Naar de content

Waterkwaliteit sterk verbeterd, nu de beestjes nog

Een modderkruiper in het water die recht in de camera kijkt.
Een modderkruiper in het water die recht in de camera kijkt.
Ravon

Nederlandse heeft ongekend grote stappen gemaakt in de verbetering van de waterkwaliteit. Maar de ecologische kwaliteit blijft achter. Planten en beestje komen niet zo snel terug als gehoopt. Een mooi overzichtswerk over de wereld van het water verscheen onlangs onder de titel Aquatische Ecologie van de hand van bioloog Henk Hoogenboom.

5 december 2014

Voor de aan de Zaan geboren en inmiddels aan de Hollandse IJssel wonende bioloog Henk Hoogenboom is de materie van aquatische ecologie niet echt nieuw, vertelt de auteur in een telefonische toelichting op zijn nieuwe standaardwerk Aquatische Ecologie. Functioneren en beheren van zoete en brakke aquatische ecosystemen. Hoogenboom was jaren voorzitter van de landelijke Werkgroep Ecologisch Waterbeheer. In die werkgroep is een waaier aan organisaties vertegenwoordigd die met de waterkwaliteit in Nederland bezig zijn, zoals universiteiten, waterschappen en overheden.

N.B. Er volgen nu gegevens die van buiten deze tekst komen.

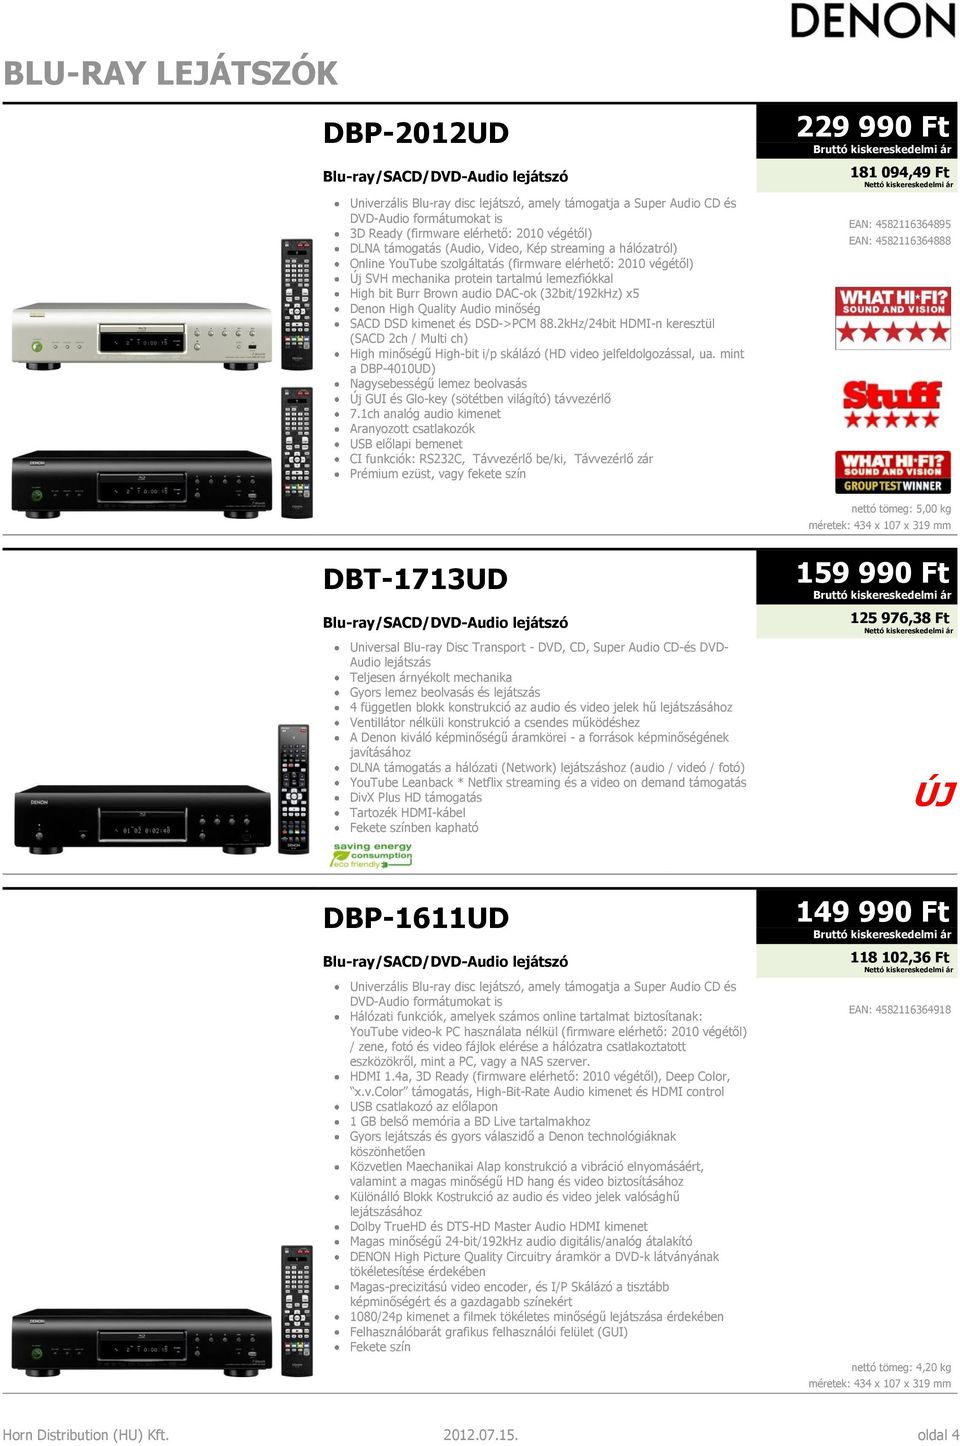 audio DAC-ok (32bit/192kHz) x5 Denon High Quality Audio minőség SACD DSD kimenet és DSD->PCM 88.
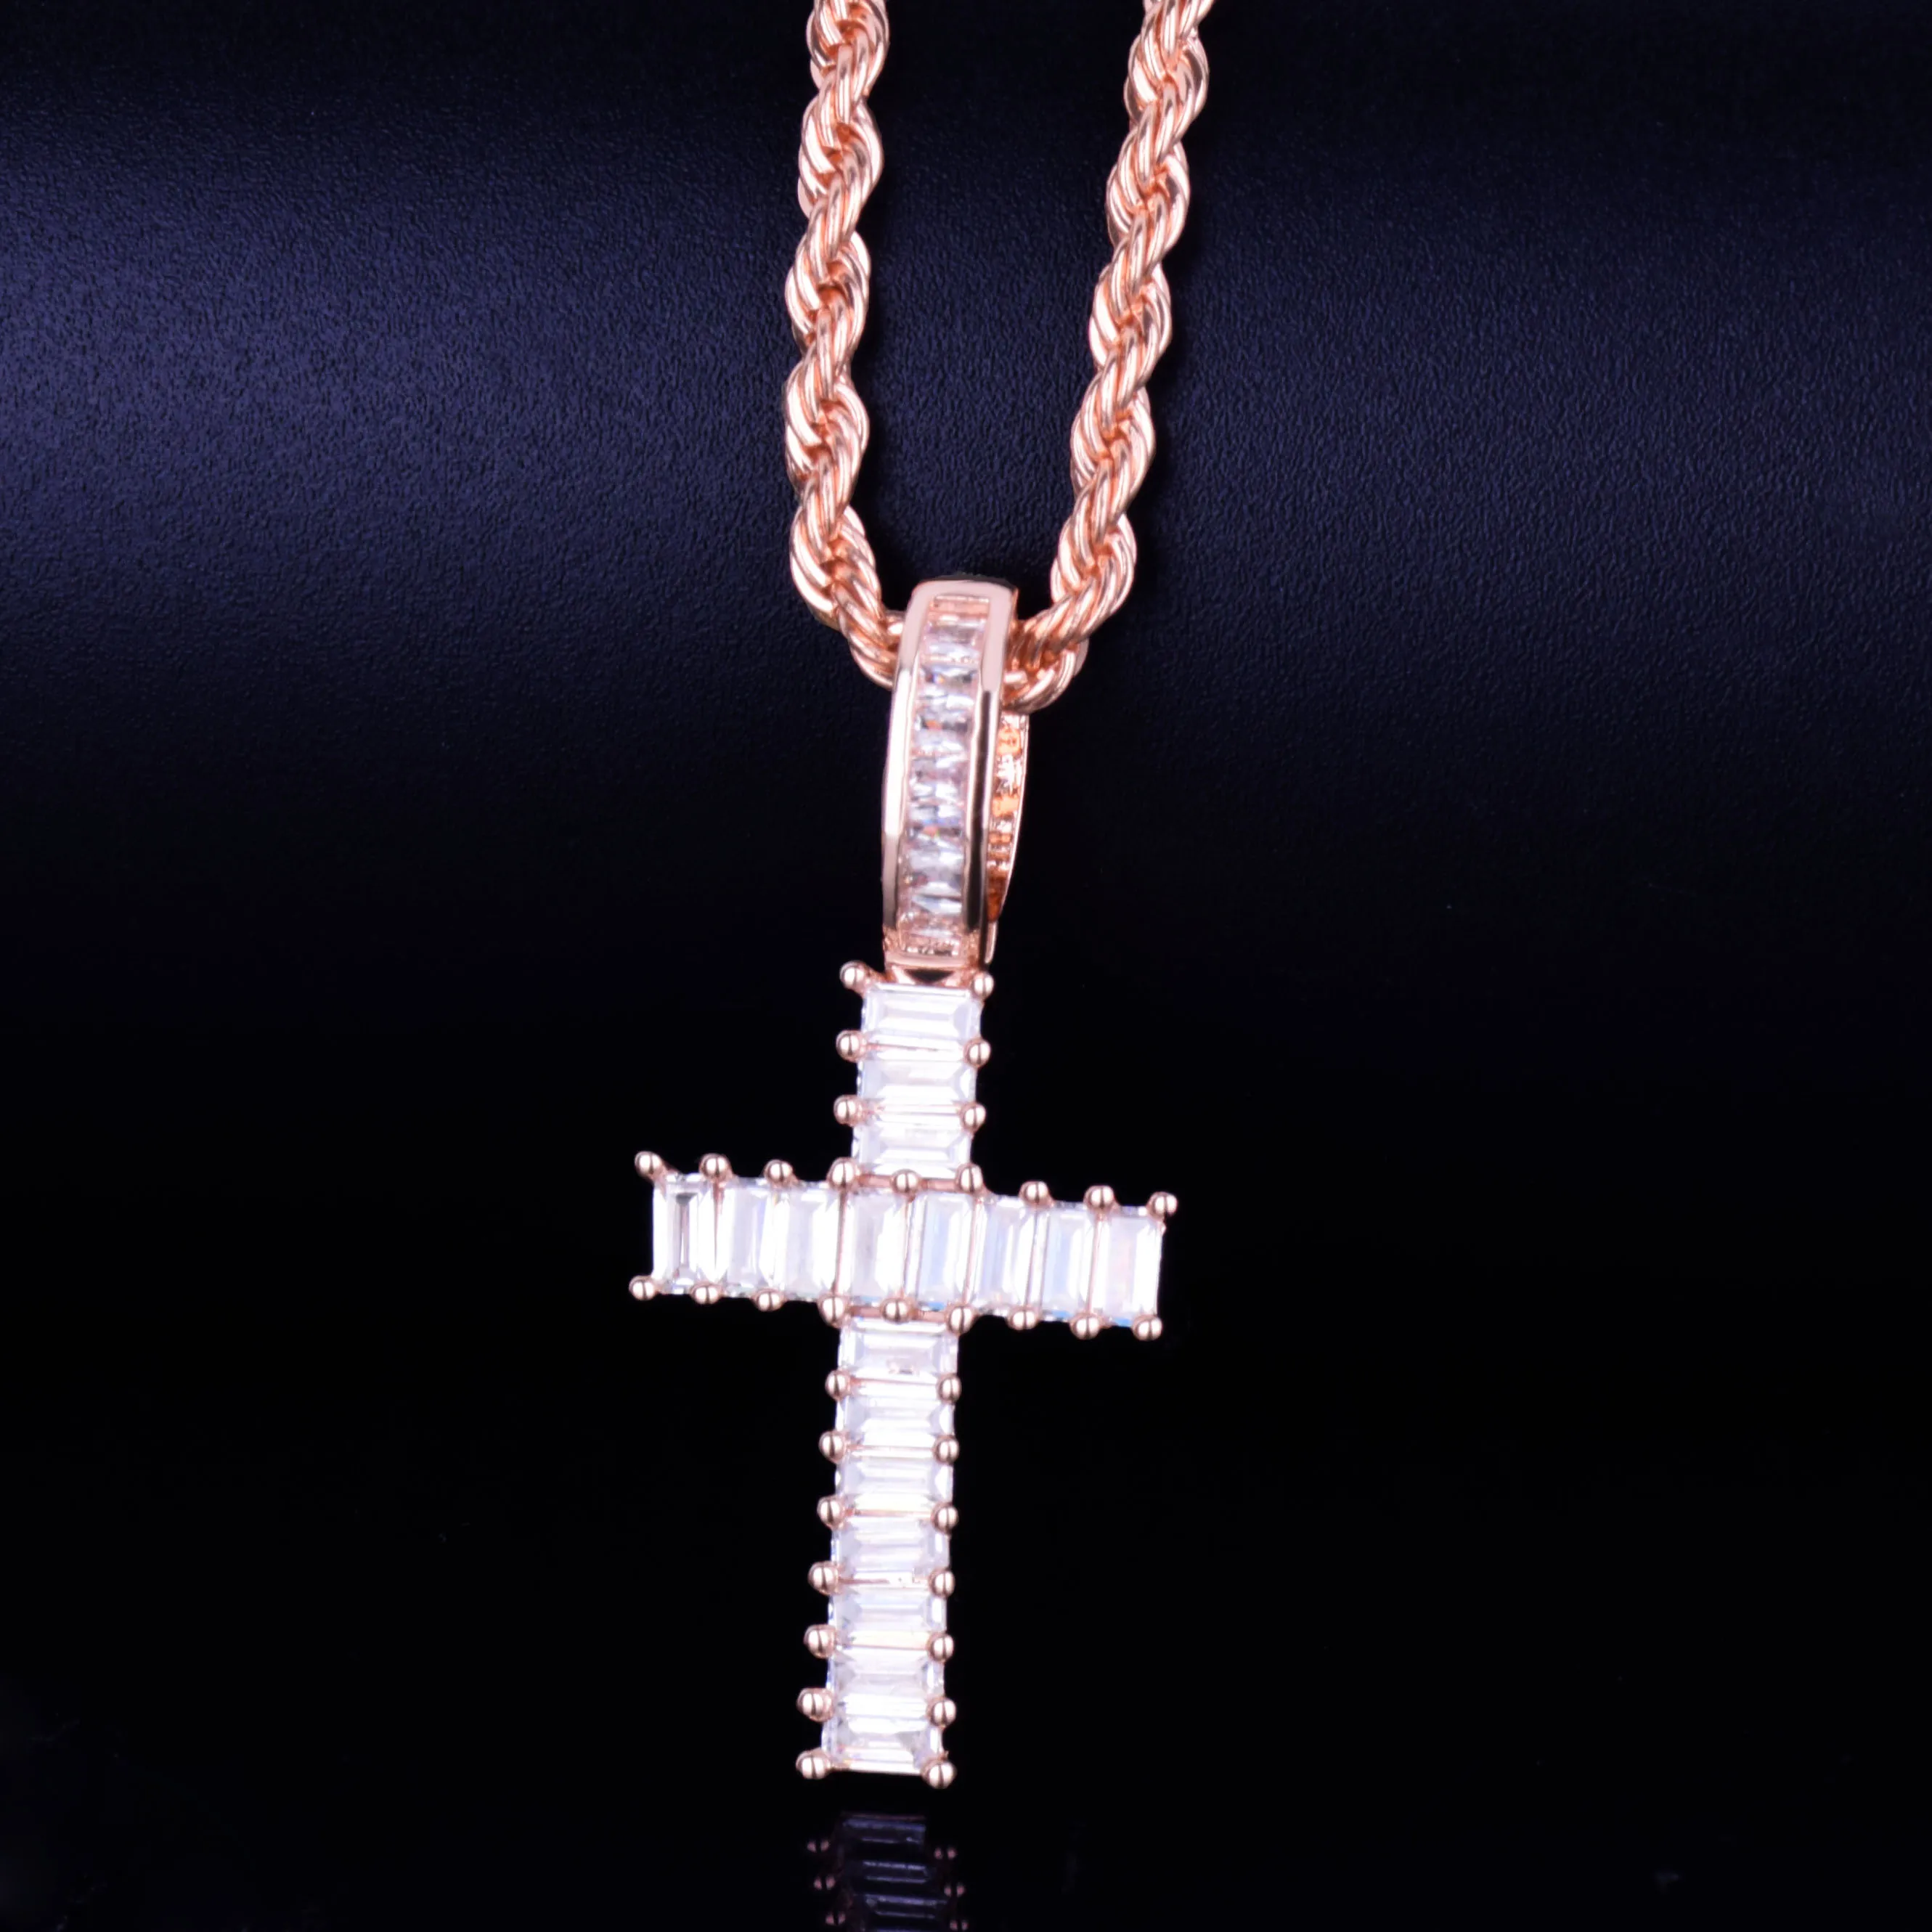 Мини багет крест кулон ожерелье с 4 мм теннисная Цепочка Золото Серебро AAA кубический циркон мужские и женские хип хоп рок ювелирные изделия

Het had een bescheiden boek van 100 pagina’s moeten worden, een klus die in één jaar geklaard had moeten zijn. Het werden uiteindelijk 418 pagina’s waaraan Hoogenboom vier jaar werkte.

Waterwetenschap

Verschillende takken van wetenschap houden zich met water bezig. De hydrologie is de studie van de beweging van (grond-)water, milieuchemie en toxicologie dekken de problematiek van de waterkwaliteit en, hoofdonderwerp van deze publicatie, de jongste waterwetenschap van de aquatische ecologie bestudeert de levensgemeenschappen. Vanzelfsprekend hangen al deze vakgebieden met elkaar samen en is bijvoorbeeld de ecologie sterk afhankelijk van de waterkwaliteit.

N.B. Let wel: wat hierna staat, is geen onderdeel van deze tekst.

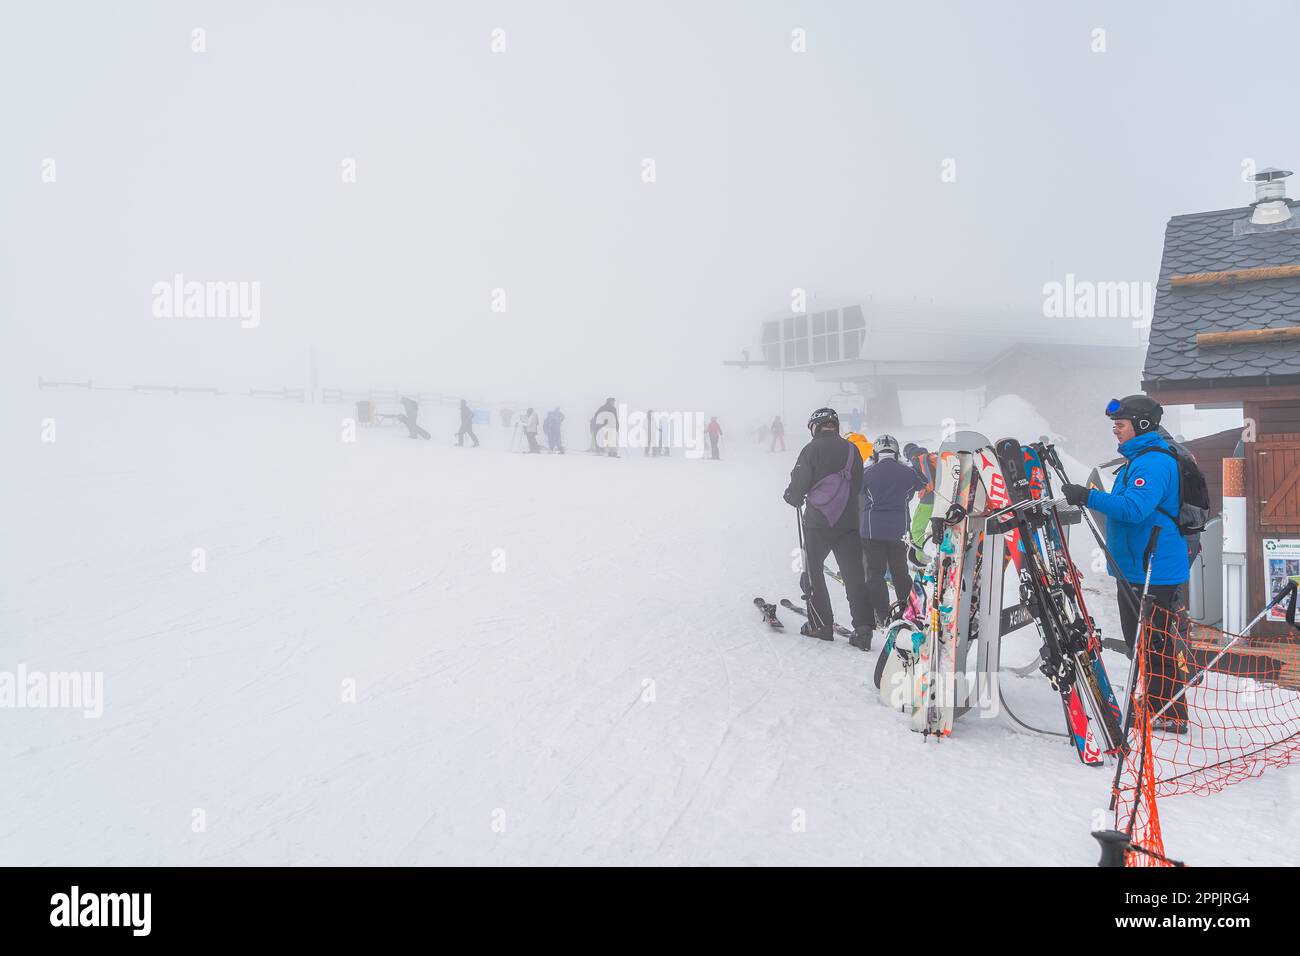 Skifahrer und Snowboarder, die den Skilift auf einem Berg verlassen, schlechte Sicht durch starken Nebel, Andorra Stockfoto

Al deze takken van de waterwetenschap krijgen aandacht in dit standaardwerk, dat rijk geïllustreerd is met zowel grafieken en schema’s als natuurfoto’s van waterdieren en -planten en landschappen. De toegankelijke schrijfstijl en keuze van de afbeeldingen maakt duidelijk dat er een betrokken auteur aan het werk is geweest met veel liefde voor de natuur.

Vertragingseffect

“Op het terrein van de waterkwaliteit betreft heeft Nederland zich de afgelopen decennia erg ingespannen”, zegt Hoogenboom. “Inmiddels is al veel bereikt om de zoete en brakke wateren schoon te krijgen.” Toch ziet Hoogenboom, die ook als biologieleraar in het middelbaar onderwijs werkt, de verbeterde waterkwaliteit nog niet weerspiegeld in een rijker dieren- en plantenleven. “We zijn er nog helemaal niet doordat er sprake is van een vertragingseffect. Op misschien drie plekjes in Nederland zien we of zijn we op weg naar de gewenste ecologische kwaliteit, zoals bijvoorbeeld het veengebied Terra Nova.”

Maandag-wasdag

Die verbetering van de waterkwaliteit van beken, rivieren, plassen en kanalen, zowel brak als zoet, heeft vooral betrekking op een drastische vermindering van de fosfaat- en stikstofgehaltes. “Beelden van rivieren met metershoog schuim op maandag – voor veel huisvrouwen in die tijd de vaste ‘wasdag’ – kun je je nu niet meer indenken”, vertelt Hoogenboom, die in zijn boekwerk een foto van dit bijzondere fenomeen opnam. Maar ook concentraties van toxische stoffen zoals PCB’s, berucht vanwege hun hormoonverstorende effect op waterdiertjes, verminderden sterk.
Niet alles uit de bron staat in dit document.